O encontro entre Fernando Henrique e Maluf reveste-se de simbologia. Ele representa a restauração definitiva no poder do bloco político que deu sustentação à ditadura militar. Analistas políticos e colunistas de jornais vêm enfatizando que o PFL comanda o governo. O PSDB e o PMDB, antigos integrantes da frente democrática do MDB, são hoje coadjuvantes de um governo conservador que tem apenas um antigo militante da esquerda como mestre de cerimônias. Para chegar a este ponto, Fernando Henrique, adotou a velha tática de dividir para levar vantagem. A reeleição estava em jogo. Primeiro, dividiu o PMDB. Depois, avançou sobre o PPB. Arrancou de lá o apoio de Cameli, de Amazonino Mendes, de Pauderney Avelino, que chegaram a abandonar o partido. Com Maluf derrotado e isolado, envolto no escândalo dos precatórios, com o seu apadrinhado, o prefeito Celso Pitta pilotando uma administração desastrosa, Fernando Henrique, magnânimo, estende-lhe a mão e acena-lhe com a neutralidade na disputa da sucessão paulista em 98.

O senador Pedro Simon tem razão. Foi um enorme vão-esforço dos democratas para chegar ao poder e entregar tudo de volta, e de graça, aos antigos adversários. Na noite do dia 16, Fernando Henrique colocou a última pedra no condomínio amorfo e conservador onde não é mais possível vislumbrar nenhum programa. Todos os gatos se tornaram pardos. A única luz que bruxuleia está nos olhos do presidente: é a reeleição. Sob o teto deste grande condomínio cabem muitos e de tudo, menos a sociedade e as políticas sociais.

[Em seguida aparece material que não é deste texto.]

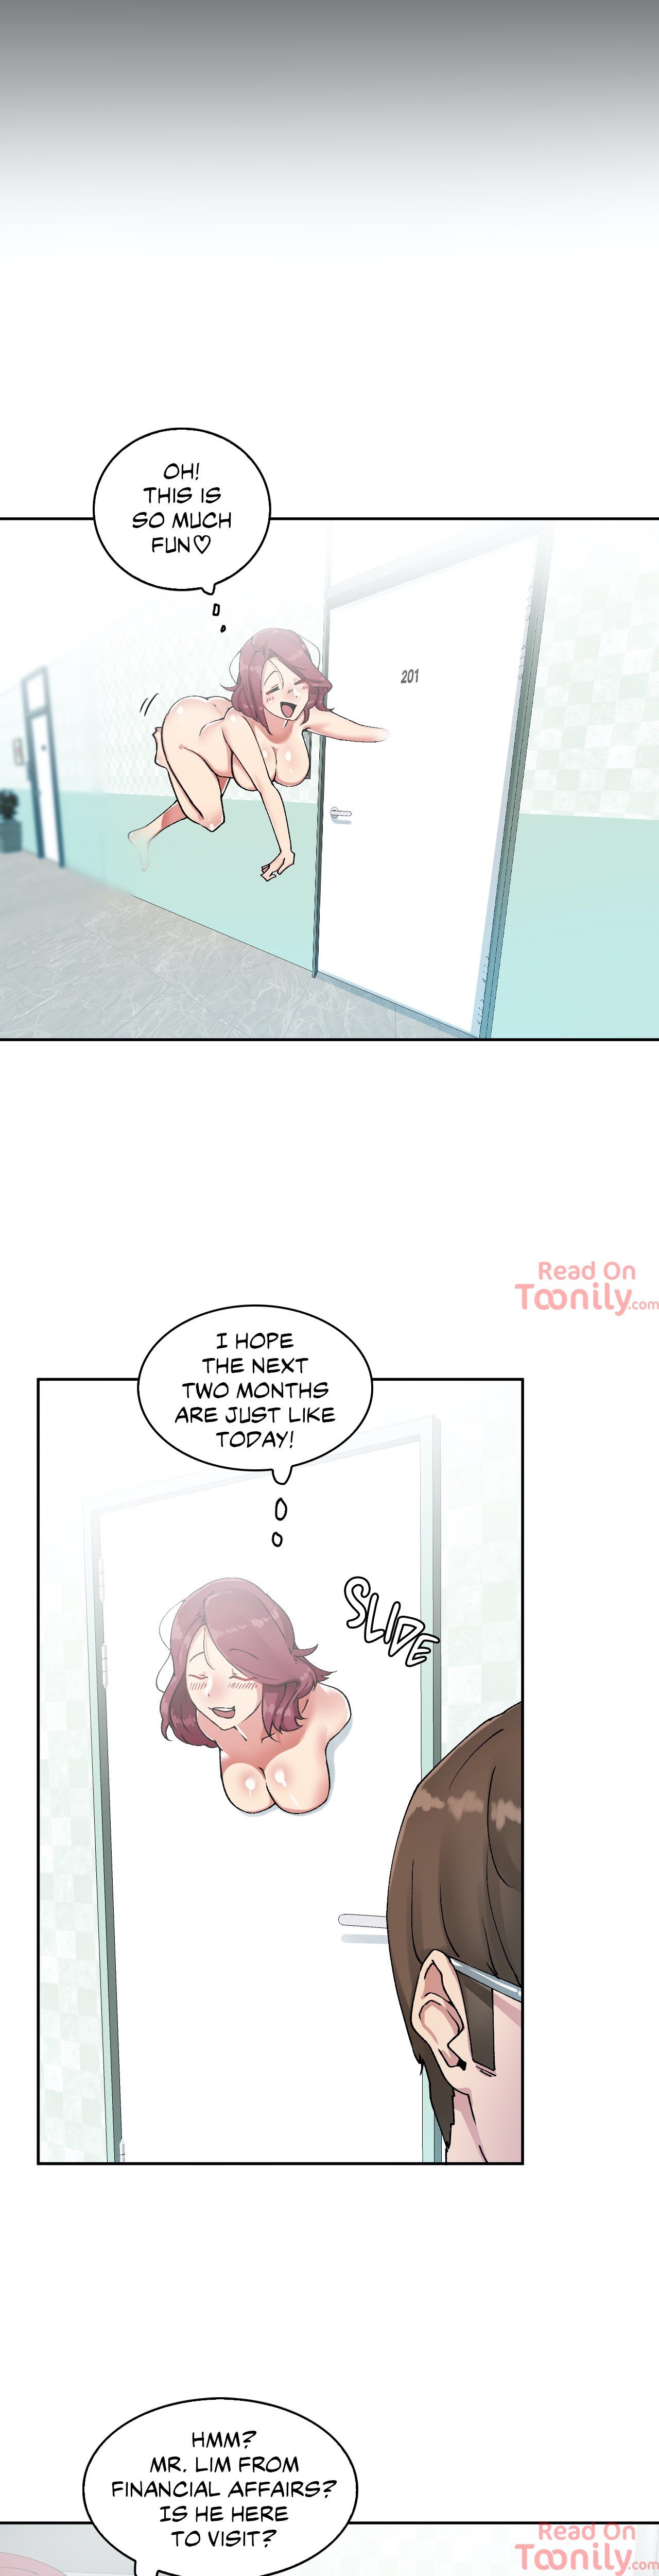 The Girl Hiding in the Wall - Chapter 4 Page 21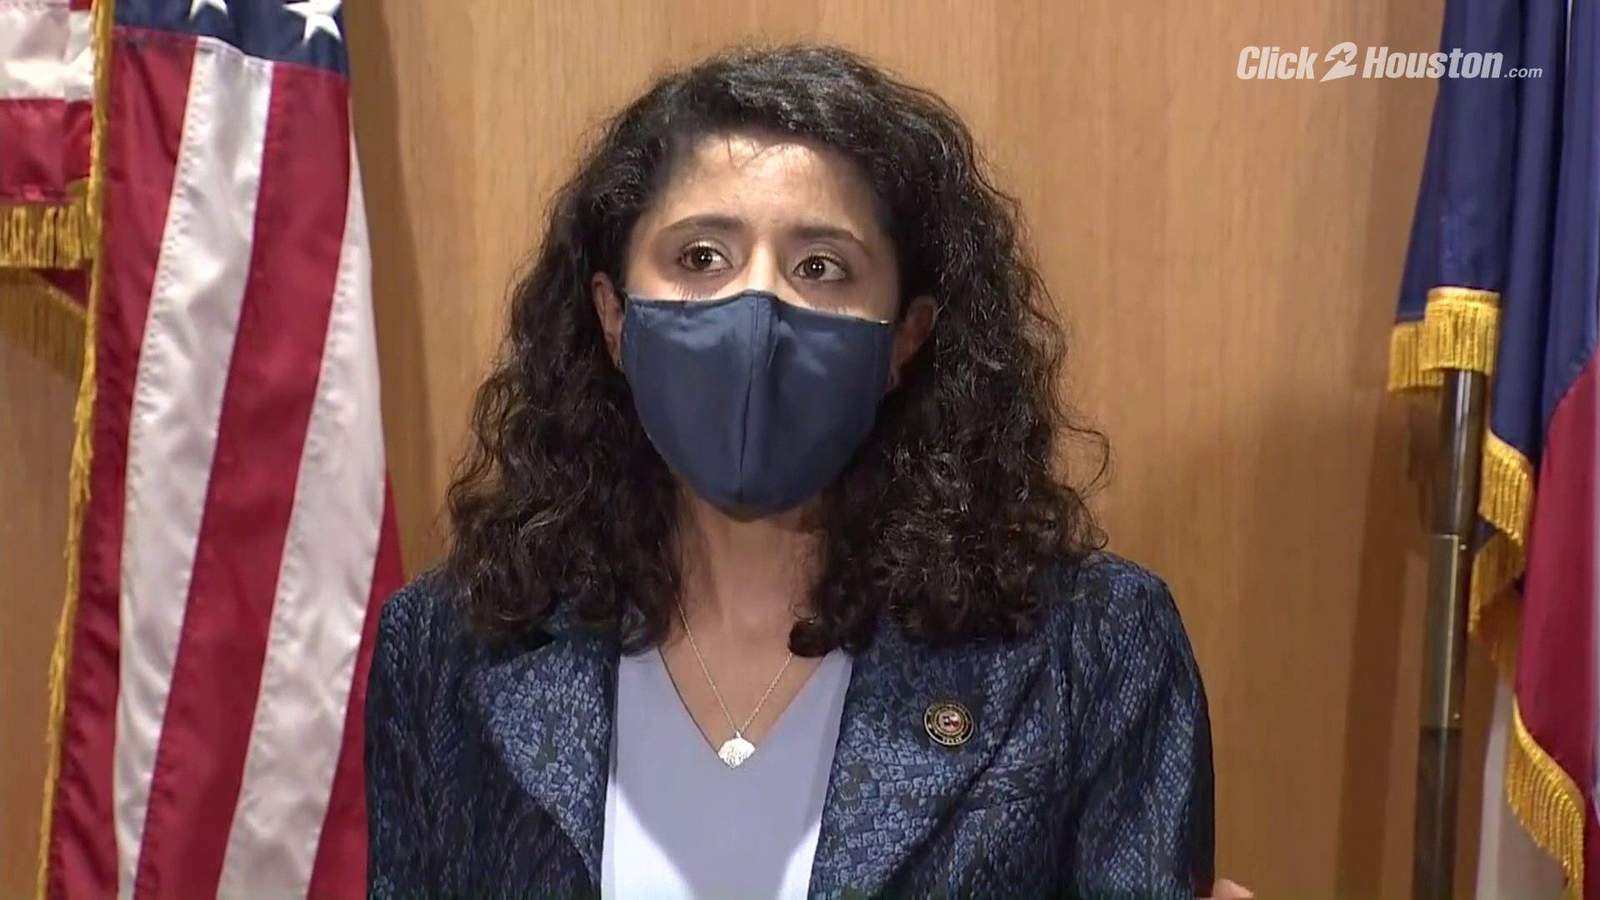 Harris County Judge Lina Hidalgo discusses advertising campaign aimed at COVID-19 vaccine fears

Fernando Henrique quer ver-se sozinho em 98 contra a esquerda. Será a ressurreição do estigma de Caim. Durante todo o seu governo o presidente agiu para desmoralizar a esquerda. Nós cometemos erros e defendemos algumas propostas anacrônicas, com certeza. Mas o rumo que o governo tomou nos passa um atestado de que estamos certos no nosso principal ponto de vista. Um Brasil moderno e justo requer o desenvolvimento econômico combinado com o bem-estar social, com a garantia de direitos e cidadania e com a integração dos excluídos.

A esquerda tem a responsabilidade de explicitar um programa democrático e reformador viável para se opor ao condomínio amorfo. Este programa deve ser suficientemente radical para dar conta do drama social do país. E deve ser suficientemente amplo para garantir a confiança dos agentes econômicos, para garantir a estabilidade com justiça e o crescimento com distribuição. Deve ser também a base da união dos partidos de esquerda em torno de uma candidatura única e da agregação de setores de centro e centro-esquerda que não se sentem bem na frente conservadora.